Region’s teens get quite a hoot out of 4-H centennial conference

Teens in the Newsroom programAugust 21, 2013 

In the Owl House project, more than 200 youth delegates built more than 50 owl boxes, which were taken back to each county for use in rural areas.

DOMINIQUE GERMANN

A century ago, the Smith Lever Act of 1913 not only created the Cooperative Extension under the USDA and the University of California system, it created 4-H. Although 4-H is widely known for its involvement in the livestock sphere, youths have many opportunities with national and worldwide leaders in healthy living, leadership, political science and technology.

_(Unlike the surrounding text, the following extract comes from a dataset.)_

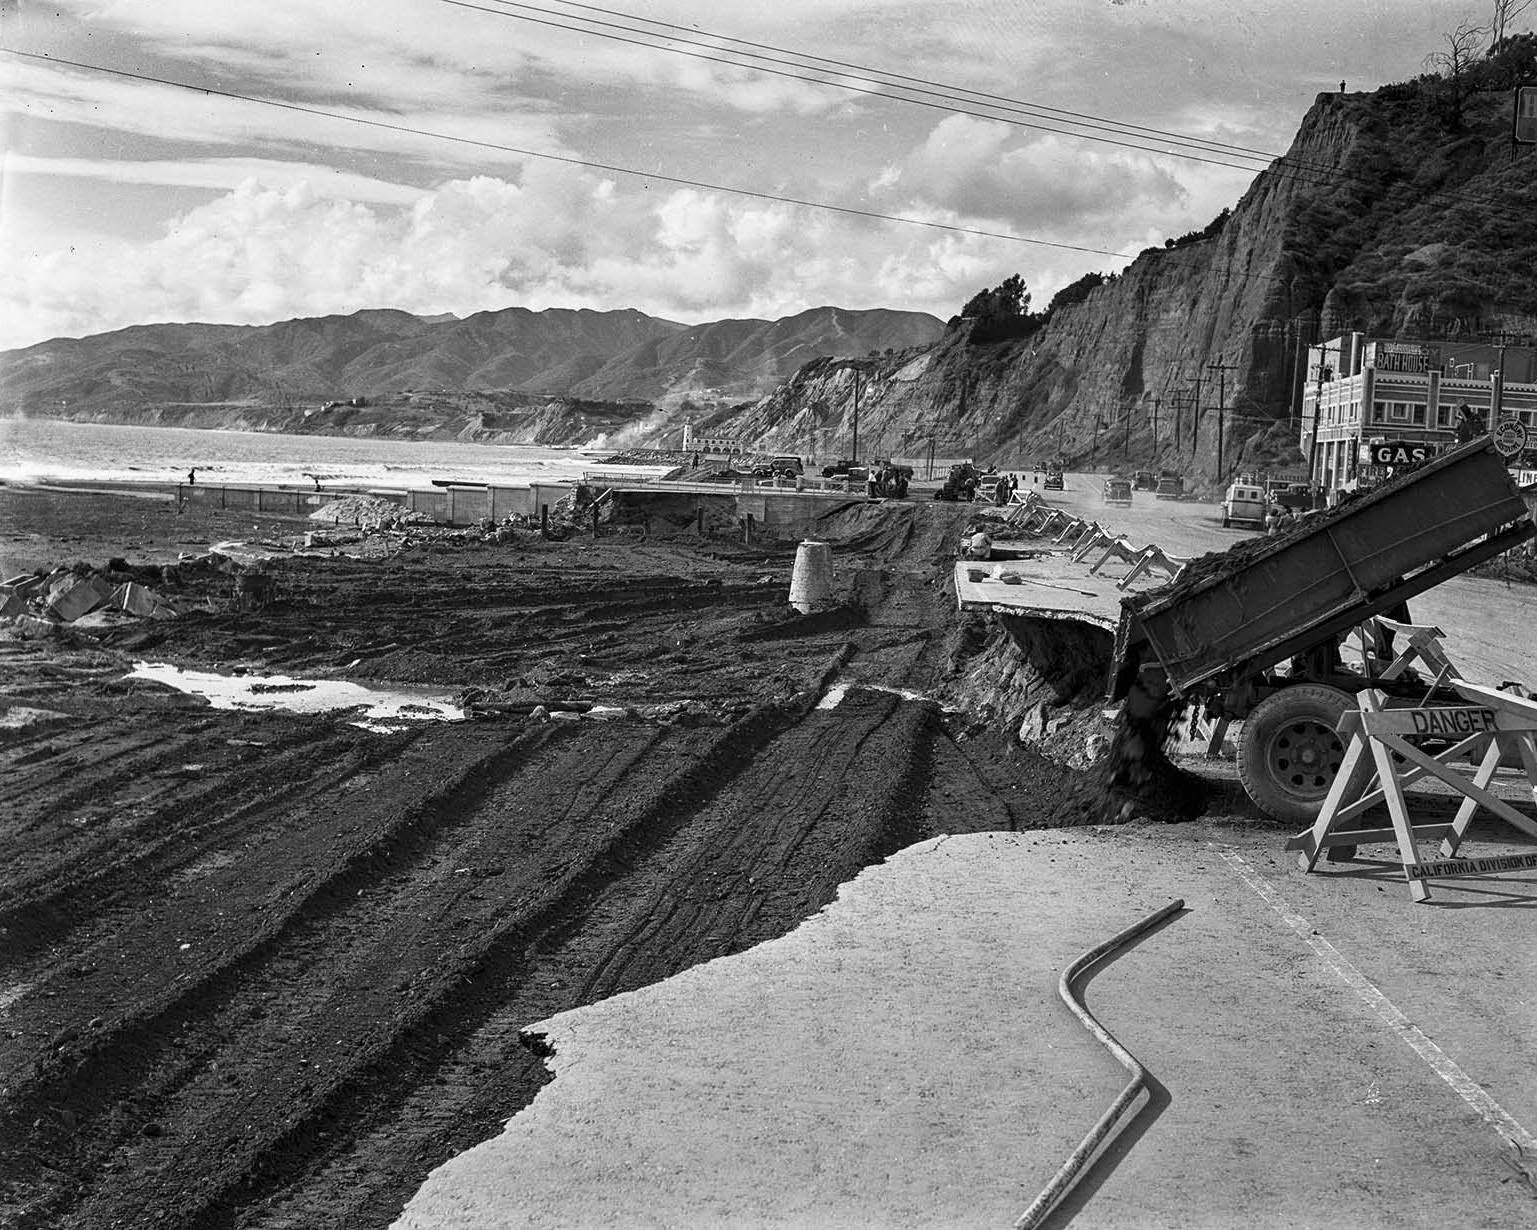 A portion of Roosevelt Highway (now Pacific Coast Highway) at Santa Monica Canyon is repaired after heavy rains, 1938

The centennial of California 4-H was celebrated at the 2013 State Leadership Conference. Stanislaus County 4-H sent 14 youth delegates, three adult delegates and one state ambassador.

The conference technically began more than 14 months ago when the nine state ambassadors met, divided into committees and started organizing the 2013 event. It was held at UC Davis on July 25-28, and more than 550 attendees ushered 4-H into the next 100 years.

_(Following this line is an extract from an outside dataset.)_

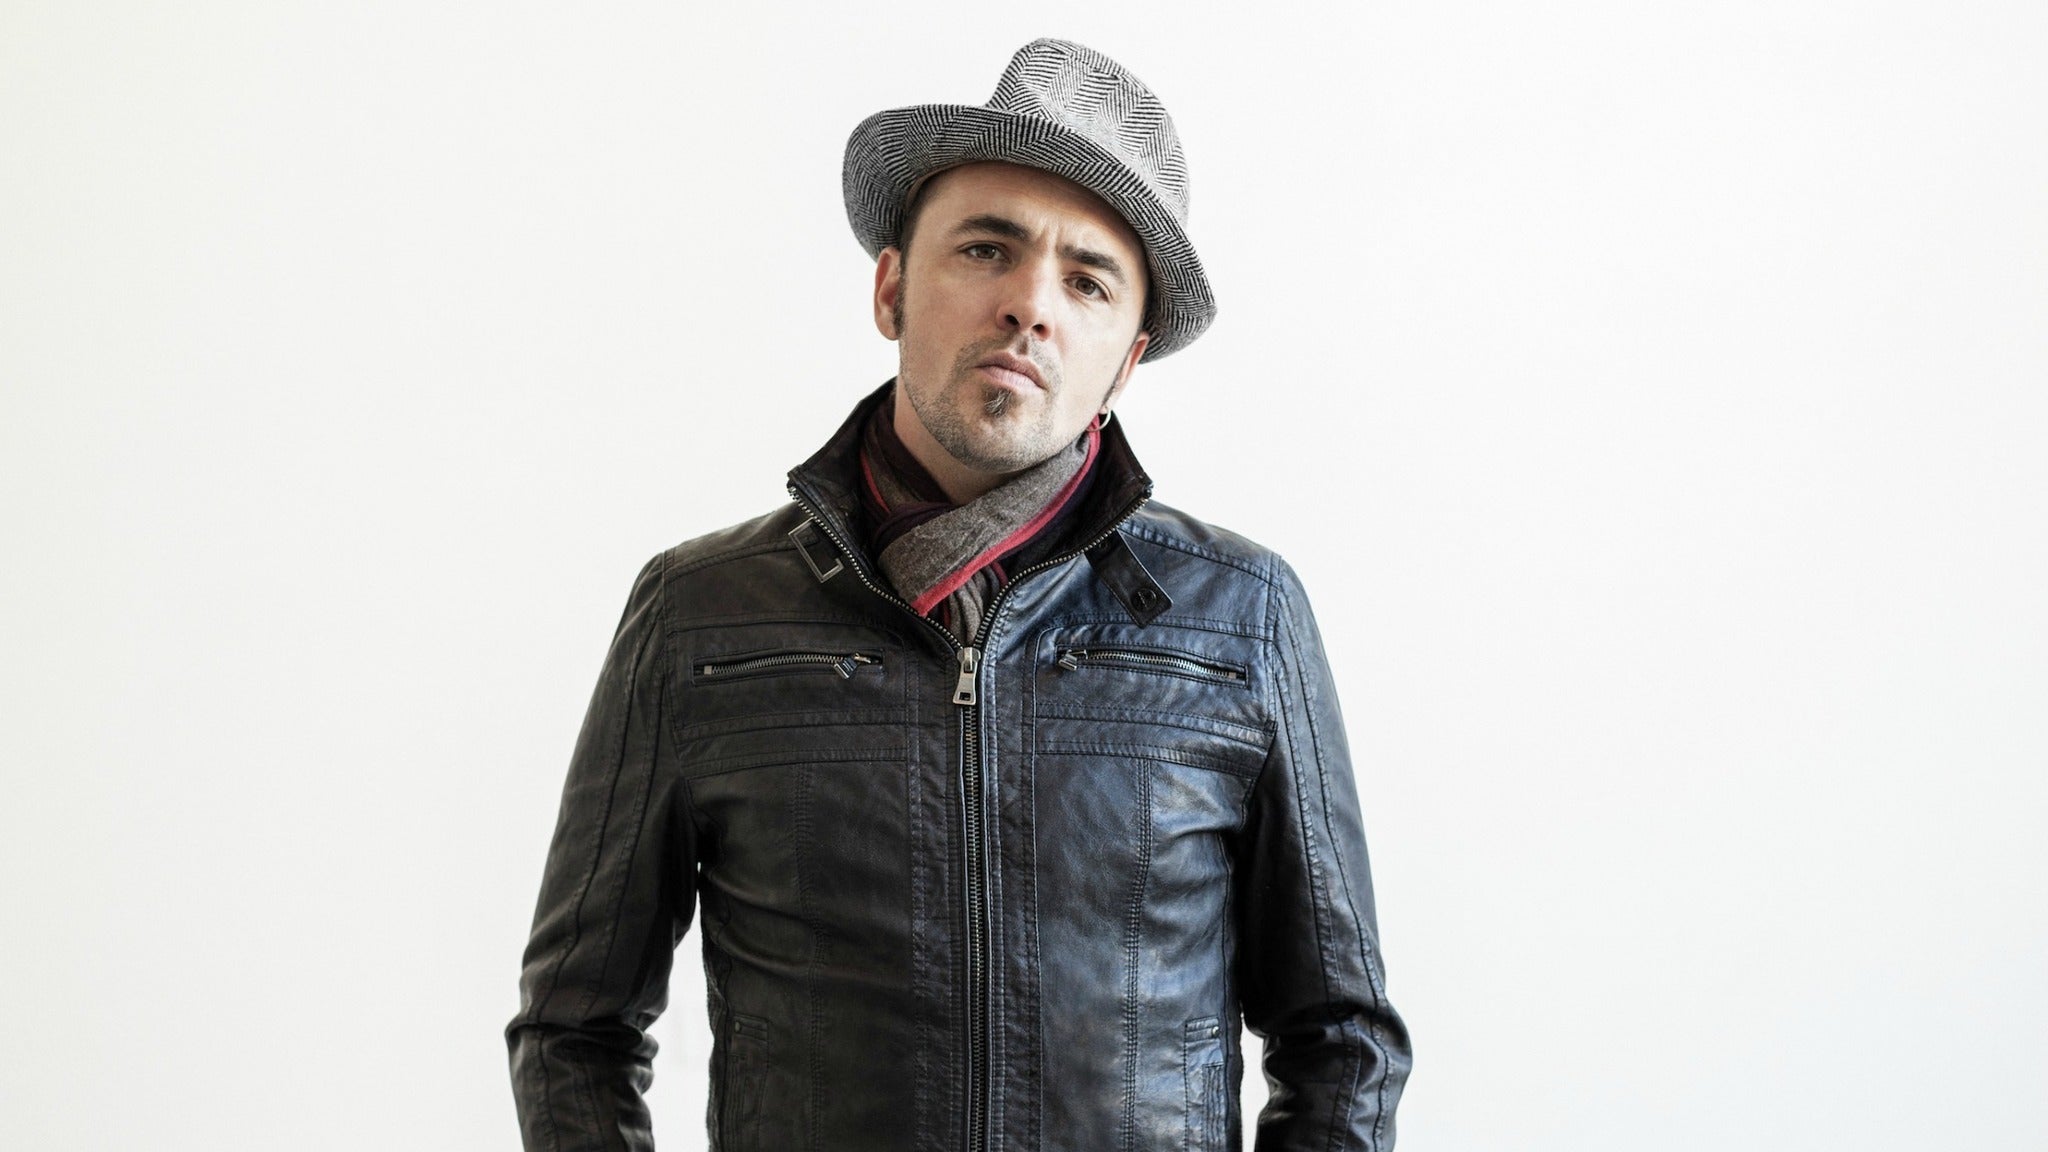 Hawksley Workman: Almost a Full Moon - The Merry Christmas Show presale password for show tickets in Toronto, ON (The Danforth Music Hall)

The conference kicked off with the 100th Birthday Bash for 4-H with mechanical bulls, Western games, and food courtesy of Cal Poly Collegiate 4-H and a donation of tri-tip from Harris Ranch. Delegates and guests enjoyed dancing, with country group Terra Bella performing.

The conference also had its first-ever Day of Service Learning. Service learning means not only completing a full-fledged community service project, but learning about why it is important and teaching that to others.

There were three project groups: owl houses, animal shelter and tree restoration. The owl house group had 200 delegates build owl boxes; starting with five pieces of wood, glue, hammers and nails, 50 owl boxes were built.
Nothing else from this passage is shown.